19 августа 2022 г. в 15:28
Примечания:
Куда я только не залезла перед написанием этой главы: и про работу реставраторов почитала, и про супергероев, и про японских художников 😅. Надеюсь, оно того стоило. Приятного чтения!❤️
Сон, как всегда, не порадовал. Всё-таки нужно было глотнуть снотворного, чтобы не видеть совсем ничего. Едва я провалилась в забытье, как оказалась на хорошо знакомом мне мосту. Здесь всё закончилось, здесь же всё и началось. Началось для меня. В этом мире всегда будет рассвет — тот самый момент, когда время для моей сестры остановилось. На мосту кроме меня никого нет, да и само это место весьма иллюзорно — как будто идёшь по диораме. Но я прекрасно знаю, что дойдя до определенной контрольной точки, как в какой-нибудь среднестатистической компьютерной игре, я увижу её.

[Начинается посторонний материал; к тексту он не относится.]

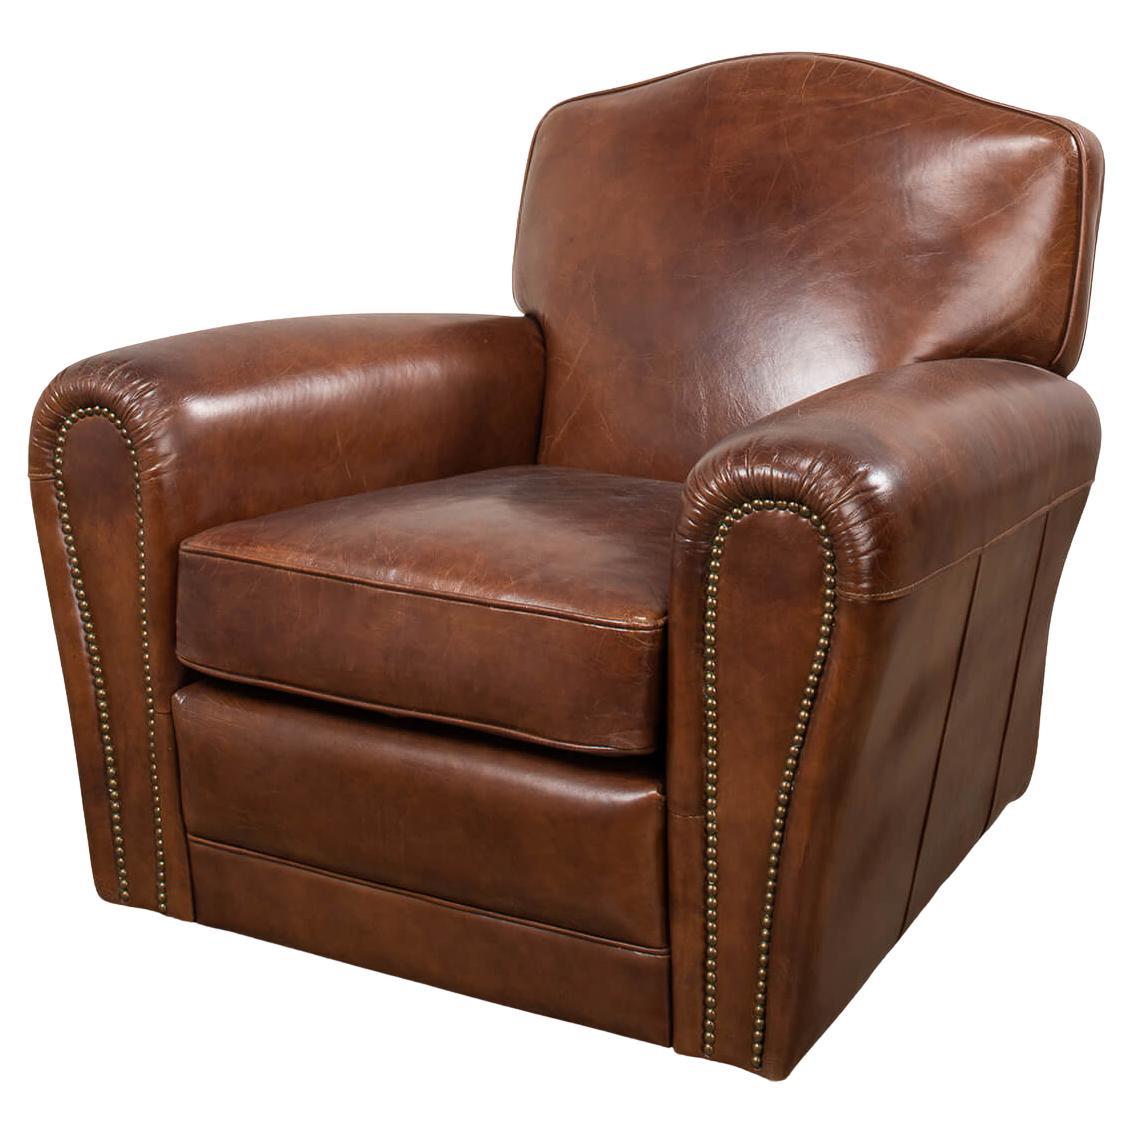 French Art Deco Style Leather Club Chair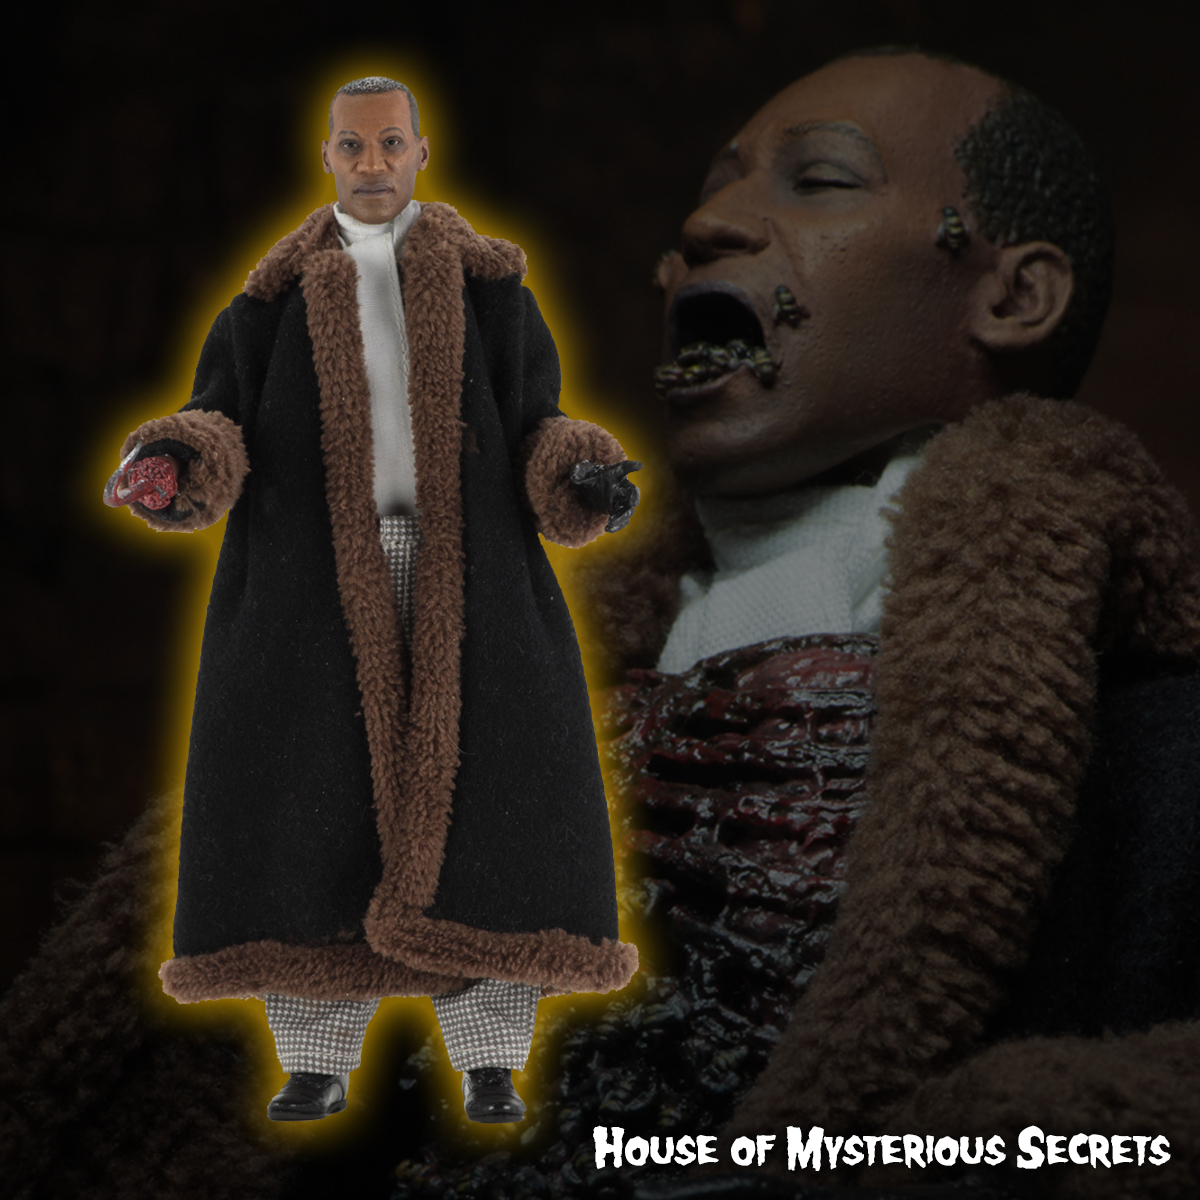 Celebrate @TonyTodd54's birthday with NECA's Candyman 8" action figure: https://t.co/SOTq7UjT1w https://t.co/IspjtAHKBF

Пейзаж вокруг безжизнен, даже вода внизу не движется. Наконец, я замечаю её и обращаясь к самому безжизненному предмету в этом безжизненном пейзаже, я зову:
— Онэ-сан…
Огромные фиалковые глаза медленно поворачиваются в мою сторону. В их каком-то потустороннем свечении, я вижу упрёк и мольбу.
— Отпусти меня, Юко, — беззвучно шепчут губы девушки, но я всё равно понимаю, что она говорит.
Я упрямо качаю головой.
— Меня больше нет рядом. Ты смотришь в пустоту, — продолжает умолять она, — Дай мне упасть, дай мне рассеяться… Не держи меня.
— Я не позволю тебе снова упасть, — качаю головой я и вдруг всхлипываю: самообладание мне изменяет, — Нет, не так. Я не позволю тебе снова меня бросить!
— Прости меня, — тихо шепчут губы сестры.
Я недоумеваю. За что она просит прощения? Ведь это я не хочу её отпускать.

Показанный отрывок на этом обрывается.